Friday, 27 September 2013

Government is Not a Business

I have a "varied" mix of experience and education -- some might say "unusual", while the less kind amongst you would say "odd".  A Bachelor's degree in Music is not often combined with a Master's in Business Administration.  And the "normal" career path does not typically chart a course from high-end retail audio, to the building services and cyber-security industries with Honeywell and Siemens and TELUS, and back again.  

As a result, my innate humanist inclinations are informed by an understanding of business practice, and this makes for an interesting review of a video recently sent to me by the MinuteMBA, entitled "Why Government Shouldn't Be Run Like a Business".

The mission of the MinuteMBA is to provide a comprehensive resource to online MBA aspirants.  An important part of this mission is the group's set of videos on various topics related to the course of study students will encounter.  And this brings me back to the reason for the post -- the notion that government shouldn't be run like a business -- and why a dilettante like me is supremely comfortable passing judgement.

This short video identifies three reasons to support its proposition, based on three important adversarial relationships: 1. Profits vs People; 2. Shareholders vs Citizens; 3. Customers vs Constituents. The brightest among you (potential MBA candidates) will see the alignment of profits, shareholders and customers against people, citizens and constituents.  As the video correctly notes, the business of business (and its legal obligation) is to generate profits and maximize shareholder return, while the business of government (and what should be its legal obligation) is, perhaps naively, to serve the common good.  This view of business is generally accepted, if not heavily reinforced, through a constant drumbeat in the (corporate controlled) media.  The expectation of government as serving the common good, however, has increasingly come under attack in our increasingly de-regulated and globalized political environment.

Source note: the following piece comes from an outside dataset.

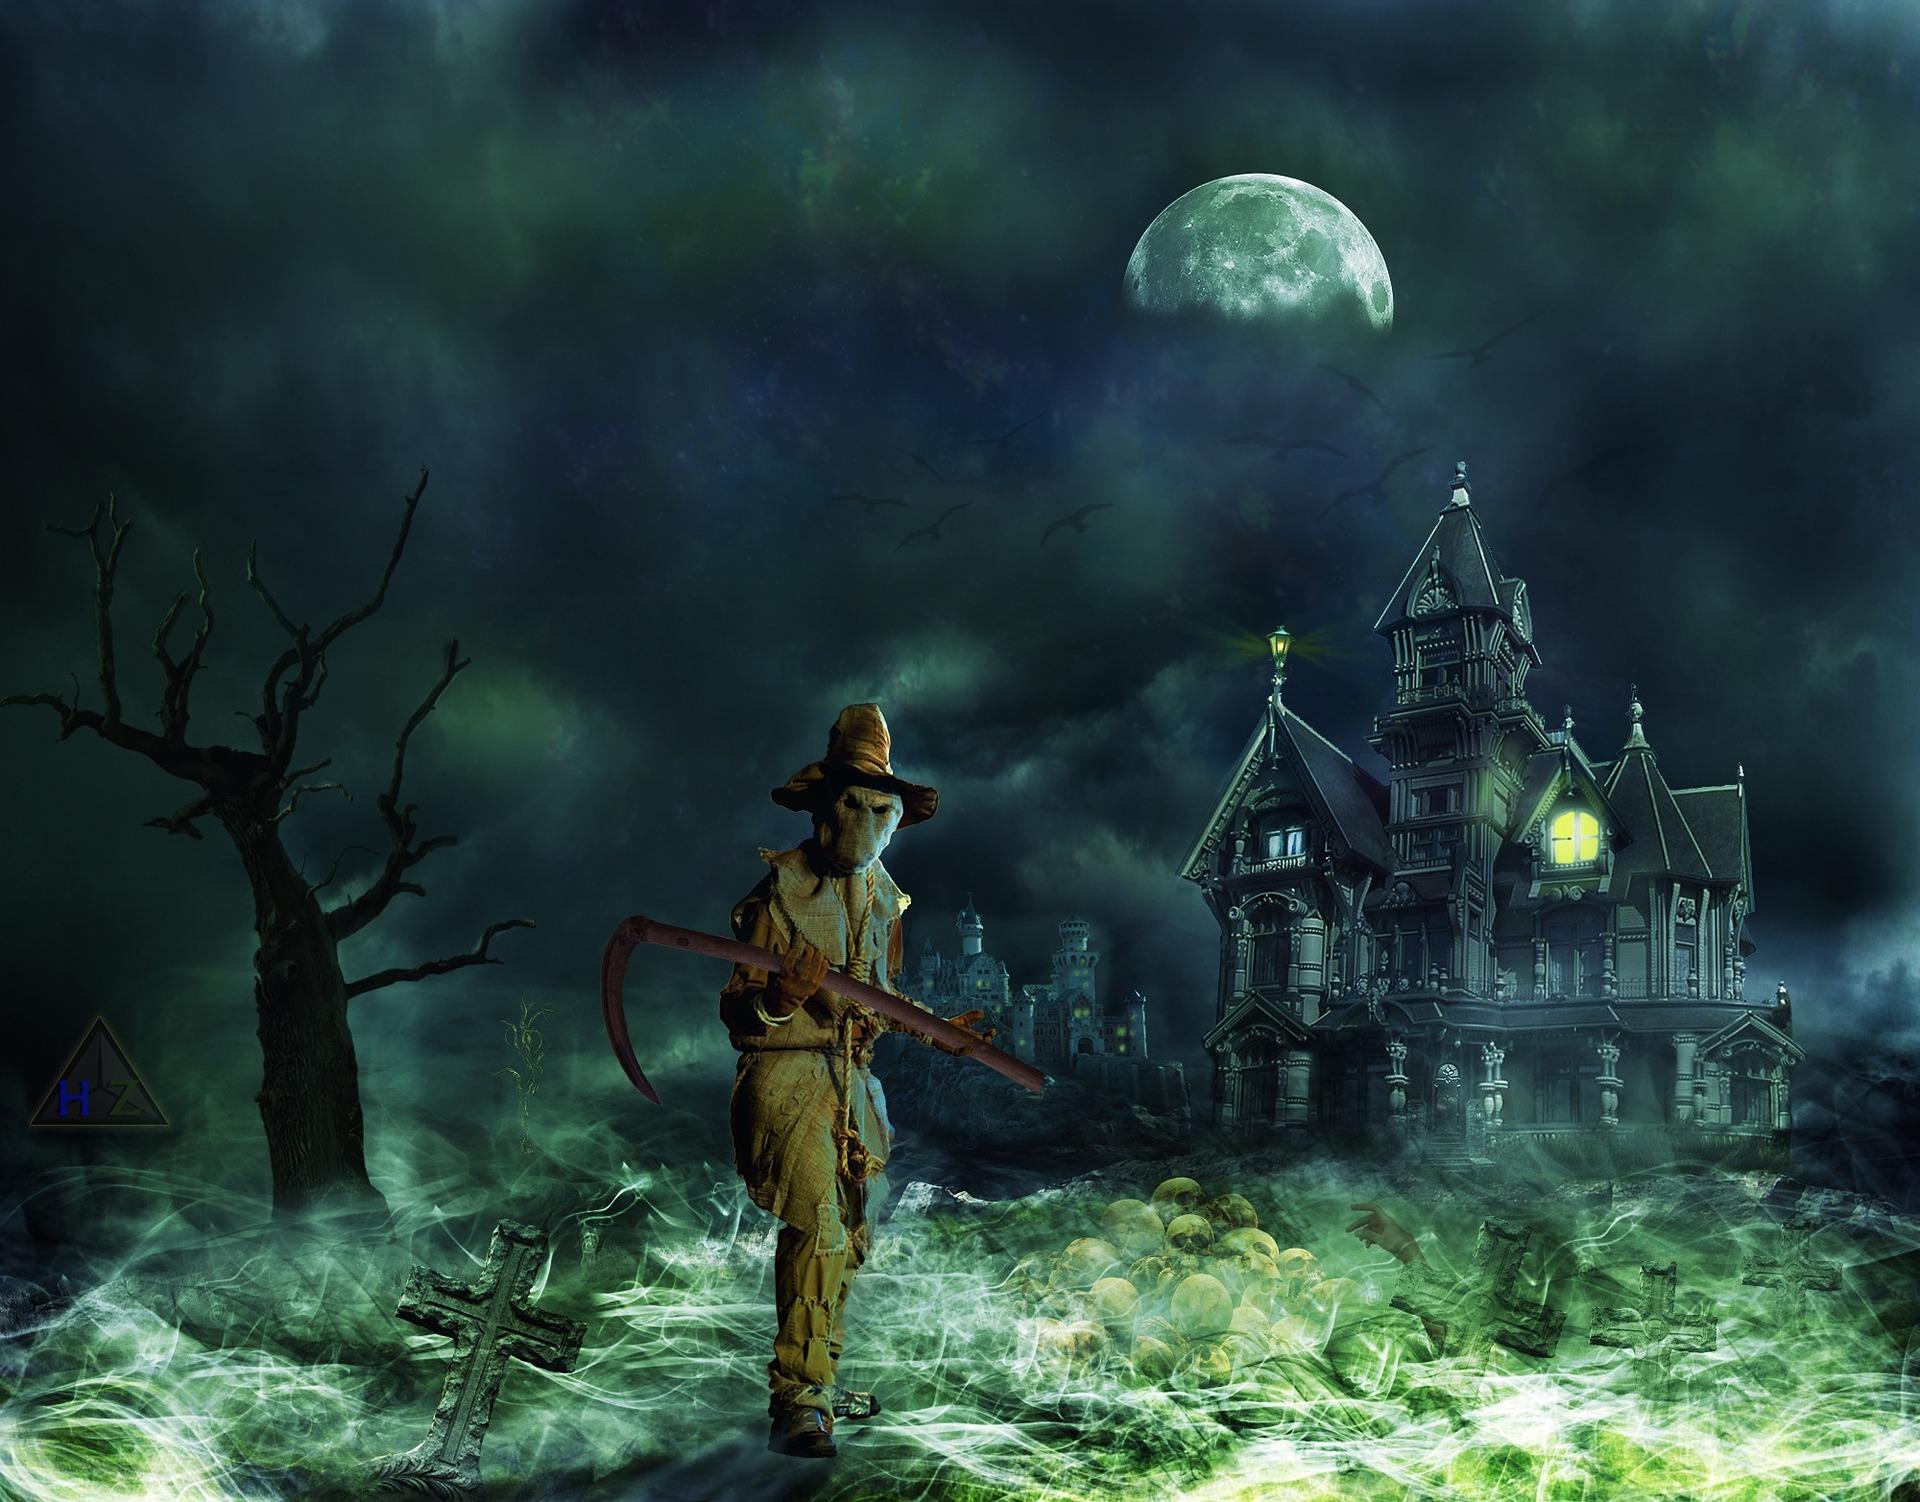 grim reaper haunted house

The video hints at the notion of benefits sought by people, citizens and constituents that government is uniquely positioned to deliver. This notion is tied to the common good, or the more arcane term commonwealth.  Canada identifies itself as a member of the Commonwealth Group of Nations -- so too the US, Britain and 50 others.  The term dates from the 15th century, and its original meaning is "a political community founded for the common good".  

That meaning has been purposely and inexorably minimized by the rise of corporations and the governments they have captured, and that trend is (imho) at the heart of the MinuteMBA video.  The notion of common good, common well-being, is decidedly at odds with the unfettered pursuit of profit, and the attendant rise in the power of corporations and special interests over government.  And governments (notably the Harper government in Canada) create selective (and often, false) imperatives -- the economy and jobs, crime, the military, patriotism -- to give cover to their ideological convictions over the well-being of the people collectively. 

As governments around the world have been captured by commerce, it is particularly fitting on this day of the IPCC's 5th Report on Climate Change that I post the MinuteMBA video.  We have lost the collective sense of the importance of commonwealth -- the release of CO2 into the atmosphere is the most powerful and timely example of the struggle between profit and people, shareholders and citizens, customers and constituents.  The unregulated release of the fossil-fuel industry's primary waste bi-product is an existential threat to our species and life on Earth. 

Postscript.  I urge you, dear reader, to learn all you can about the science of climate change.  The deniers and sceptics are ill-informed (at best), or willfully ignorant (at worst), in support of the profit vs people motive.  Become aware, and challenge the deniers (especially those in government, industry and the corporate sponsored media) at every single opportunity.  Maybe, just maybe, the IPCC Report will begin to tilt public opinion against the climate change deniers in government, as well as the multitude of corporate and media shills.

And I urge you to access the MinuteMBA at your first convenience. The material presented there is valuable source of reference to everyone, not just those chasing the exalted three letters -- another interesting example of their work is this: "Why Women Make Better Business Leaders".

By David.


Your musical accompaniment for the day: Say What, from Stevie Ray Vaughn's Soul to Soul album.  One of the greatest blues guitarists EVER, and a great way to end the week.  Enjoy.